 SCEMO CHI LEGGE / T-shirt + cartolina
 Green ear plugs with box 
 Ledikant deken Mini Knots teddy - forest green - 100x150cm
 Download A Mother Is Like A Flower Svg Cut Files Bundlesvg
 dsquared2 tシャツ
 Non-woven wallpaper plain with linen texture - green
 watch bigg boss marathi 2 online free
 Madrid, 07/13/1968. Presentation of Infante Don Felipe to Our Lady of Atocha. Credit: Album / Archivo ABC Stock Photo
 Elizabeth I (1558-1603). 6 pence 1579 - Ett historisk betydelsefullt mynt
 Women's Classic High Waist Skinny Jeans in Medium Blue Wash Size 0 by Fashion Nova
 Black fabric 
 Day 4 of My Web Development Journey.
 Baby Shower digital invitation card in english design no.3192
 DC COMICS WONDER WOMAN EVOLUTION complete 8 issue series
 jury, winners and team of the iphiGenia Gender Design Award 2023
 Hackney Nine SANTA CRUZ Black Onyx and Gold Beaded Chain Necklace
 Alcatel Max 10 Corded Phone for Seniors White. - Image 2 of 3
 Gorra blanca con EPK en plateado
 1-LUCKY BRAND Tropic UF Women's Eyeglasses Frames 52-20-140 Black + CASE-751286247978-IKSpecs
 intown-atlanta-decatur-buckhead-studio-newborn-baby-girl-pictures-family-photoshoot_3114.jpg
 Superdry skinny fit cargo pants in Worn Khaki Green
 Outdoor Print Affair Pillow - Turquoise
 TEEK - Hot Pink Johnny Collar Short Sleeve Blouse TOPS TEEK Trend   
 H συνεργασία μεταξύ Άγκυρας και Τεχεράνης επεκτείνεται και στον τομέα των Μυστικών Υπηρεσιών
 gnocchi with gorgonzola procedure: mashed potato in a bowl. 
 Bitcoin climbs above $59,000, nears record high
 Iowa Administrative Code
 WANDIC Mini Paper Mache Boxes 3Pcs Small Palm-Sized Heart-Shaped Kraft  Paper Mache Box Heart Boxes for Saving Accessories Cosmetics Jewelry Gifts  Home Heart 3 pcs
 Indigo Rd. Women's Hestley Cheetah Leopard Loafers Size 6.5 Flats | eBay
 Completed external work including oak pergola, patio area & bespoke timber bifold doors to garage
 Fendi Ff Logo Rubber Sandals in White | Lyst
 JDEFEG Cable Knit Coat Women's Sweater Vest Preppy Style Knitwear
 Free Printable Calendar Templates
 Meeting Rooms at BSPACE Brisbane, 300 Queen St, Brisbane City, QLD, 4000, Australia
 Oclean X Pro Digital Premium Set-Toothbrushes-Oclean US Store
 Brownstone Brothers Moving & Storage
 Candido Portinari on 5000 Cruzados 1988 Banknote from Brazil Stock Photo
# # # # #
* [Task directions] Retyping the whole listing exactly is the task here.

* [Task result]
 SCEMO CHI LEGGE / T-shirt + cartolina
 Green ear plugs with box 
 Ledikant deken Mini Knots teddy - forest green - 100x150cm
 Download A Mother Is Like A Flower Svg Cut Files Bundlesvg
 dsquared2 tシャツ
 Non-woven wallpaper plain with linen texture - green
 watch bigg boss marathi 2 online free
 Madrid, 07/13/1968. Presentation of Infante Don Felipe to Our Lady of Atocha. Credit: Album / Archivo ABC Stock Photo
 Elizabeth I (1558-1603). 6 pence 1579 - Ett historisk betydelsefullt mynt
 Women's Classic High Waist Skinny Jeans in Medium Blue Wash Size 0 by Fashion Nova
 Black fabric 
 Day 4 of My Web Development Journey.
 Baby Shower digital invitation card in english design no.3192
 DC COMICS WONDER WOMAN EVOLUTION complete 8 issue series
 jury, winners and team of the iphiGenia Gender Design Award 2023
 Hackney Nine SANTA CRUZ Black Onyx and Gold Beaded Chain Necklace
 Alcatel Max 10 Corded Phone for Seniors White. - Image 2 of 3
 Gorra blanca con EPK en plateado
 1-LUCKY BRAND Tropic UF Women's Eyeglasses Frames 52-20-140 Black + CASE-751286247978-IKSpecs
 intown-atlanta-decatur-buckhead-studio-newborn-baby-girl-pictures-family-photoshoot_3114.jpg
 Superdry skinny fit cargo pants in Worn Khaki Green
 Outdoor Print Affair Pillow - Turquoise
 TEEK - Hot Pink Johnny Collar Short Sleeve Blouse TOPS TEEK Trend   
 H συνεργασία μεταξύ Άγκυρας και Τεχεράνης επεκτείνεται και στον τομέα των Μυστικών Υπηρεσιών
 gnocchi with gorgonzola procedure: mashed potato in a bowl. 
 Bitcoin climbs above $59,000, nears record high
 Iowa Administrative Code
 WANDIC Mini Paper Mache Boxes 3Pcs Small Palm-Sized Heart-Shaped Kraft  Paper Mache Box Heart Boxes for Saving Accessories Cosmetics Jewelry Gifts  Home Heart 3 pcs
 Indigo Rd. Women's Hestley Cheetah Leopard Loafers Size 6.5 Flats | eBay
 Completed external work including oak pergola, patio area & bespoke timber bifold doors to garage
 Fendi Ff Logo Rubber Sandals in White | Lyst
 JDEFEG Cable Knit Coat Women's Sweater Vest Preppy Style Knitwear
 Free Printable Calendar Templates
 Meeting Rooms at BSPACE Brisbane, 300 Queen St, Brisbane City, QLD, 4000, Australia
 Oclean X Pro Digital Premium Set-Toothbrushes-Oclean US Store
 Brownstone Brothers Moving & Storage
 Candido Portinari on 5000 Cruzados 1988 Banknote from Brazil Stock Photo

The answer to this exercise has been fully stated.